NEW JERSEY DIVISION OF CHILD PROTECTION AND PERMANENCY v. M.L.Annotate this Case
NOT FOR PUBLICATION WITHOUT THE
APPROVAL OF THE APPELLATE DIVISION
SUPERIOR COURT OF NEW JERSEY
DOCKET NO. A-0
NEW JERSEY DIVISION OF CHILD
PROTECTION AND PERMANENCY,
IN THE MATTER OF THE
GUARDIANSHIP OF S.L.,
October 31, 2014
Submitted September 30, 2014 Decided
Before Judges Haas and Higbee.
On appeal from the Superior Court of New Jersey, Chancery Division, Family Part, Warren County, Docket No. FG-21-132-11.
Joseph E. Krakora, Public Defender, attorney for appellant (Adam W. Toraya, Designated Counsel, on the brief).

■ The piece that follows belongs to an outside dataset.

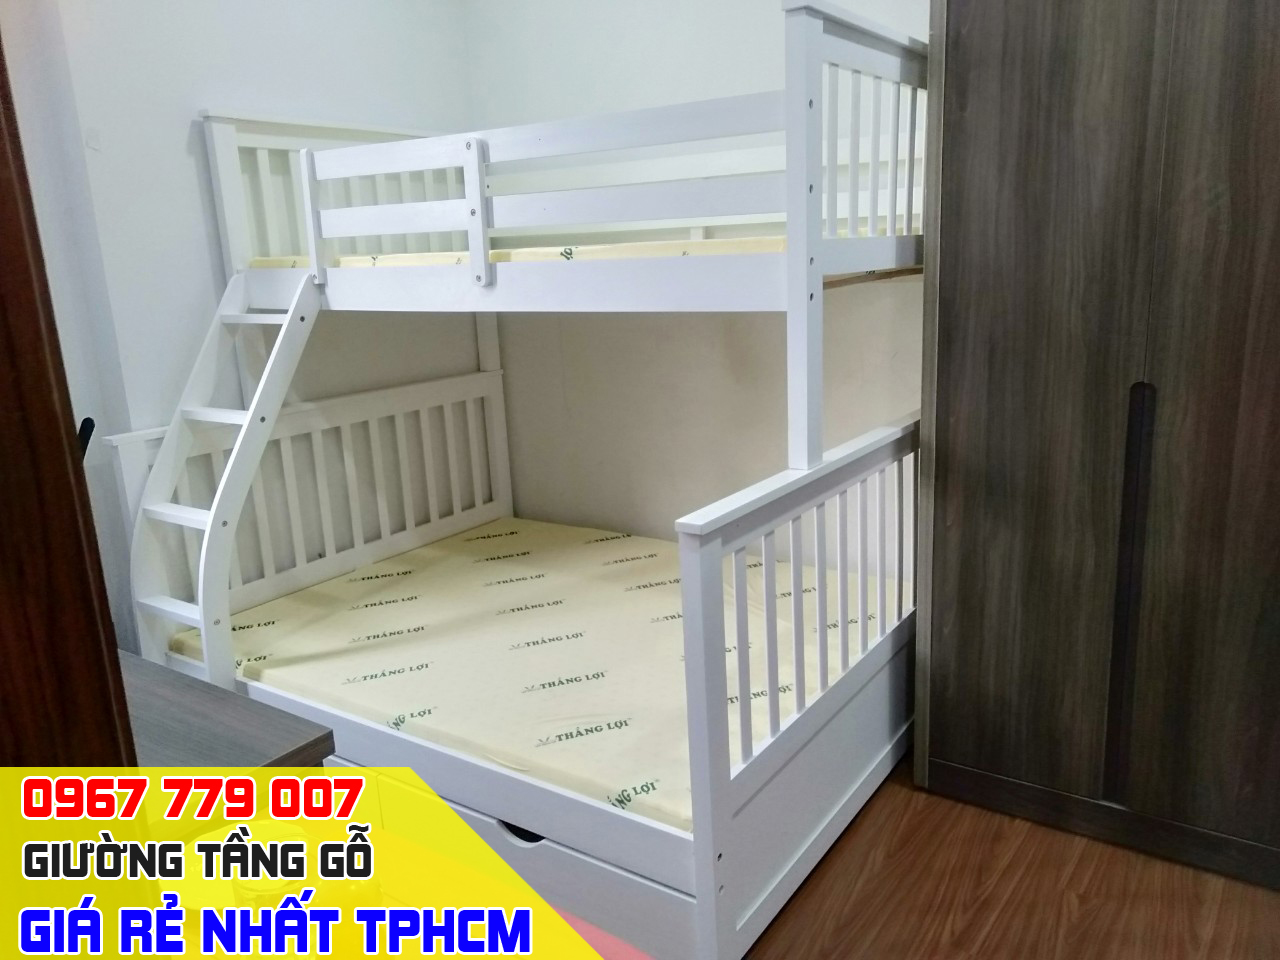 CH bán giường tầng trẻ em giá rẻ uy tín nhất Quận Gò Vấp TPHCM 13

John J. Hoffman, Acting Attorney General, attorney for respondent (Andrea M. Silkowitz, Assistant Attorney General, of counsel; Kimberly Gunning-Marcantonio, Deputy Attorney General, on the brief).
Joseph E. Krakora, Public Defender, Law Guardian, attorney for minor (Gillian Hemstead, Assistant Deputy Public Defender, on the brief).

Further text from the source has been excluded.